No entanto, como vivemos ainda na fase de transição, esta dissertação tenta responder algumas dúvidas sobre o novo produto midiático – ou sua nova apresentação. Há uma tentativa de descrever os recursos disponíveis, muitos vindos da linguagem dos games e das animações, de modo a funcionar como um guia ou um dicionário de funcionalidades potenciais, bem como uma explicação sobre o novo processo de produção e os autores envolvidos. Existe também uma discussão sobre a interação a serviço da leitura, e como ela muda a forma de narrar. Apesar disso, muitas respostas ficarão incompletas, esperando o tempo passar para que os resultados dessas transformações, ou (r)evoluções, possam ser mais claramente identificados e analisados. Talvez a mais incômoda delas seja: o livro de papel vai acabar?

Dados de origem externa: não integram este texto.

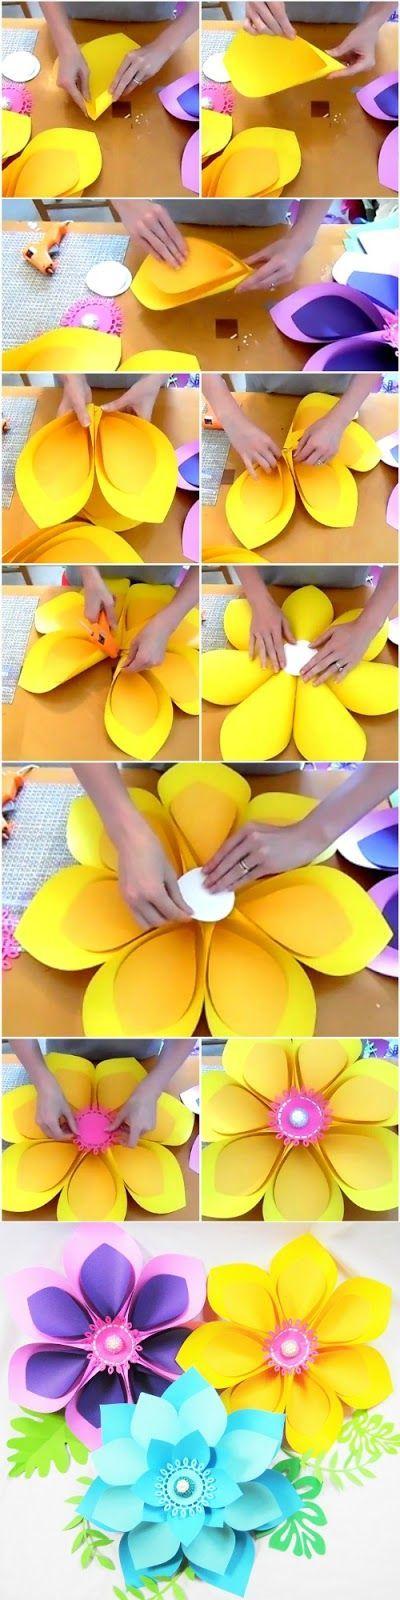 flores de papel para decorar cumpleaos de moana para cumpleaos

Não há como saber. Talvez um dia, daqui a centenas de anos, ele seja apenas artigo de museu. Há suposições apenas sobre seu destino. Mas acho que isso não acontecerá nas próximas décadas. Livro de papel é uma instituição muito mais consolidada do que o disquete e o CD-ROM para sumir de uma hora para a outra. Pessoas como eu, que gostam de olhar para as várias lombadas impressas nas estantes, ainda viverão por muito tempo e seguirão comprando obras de papel, sentindo prazer em sua textura e no cheiro bom que só um livro impresso pode ter – e ensinando seus filhos a ler em todas as plataformas disponíveis, inclusive esta.

Portanto, a melhor atitude que podemos tomar neste momento é a de substituir todos os sinais de versus (x) do começo destas considerações finais por sinais de mais (+), pois é dessa fusão de mídias, modos, meios e palavras que se trata a leitura neste relativamente novo suporte chamado tablet.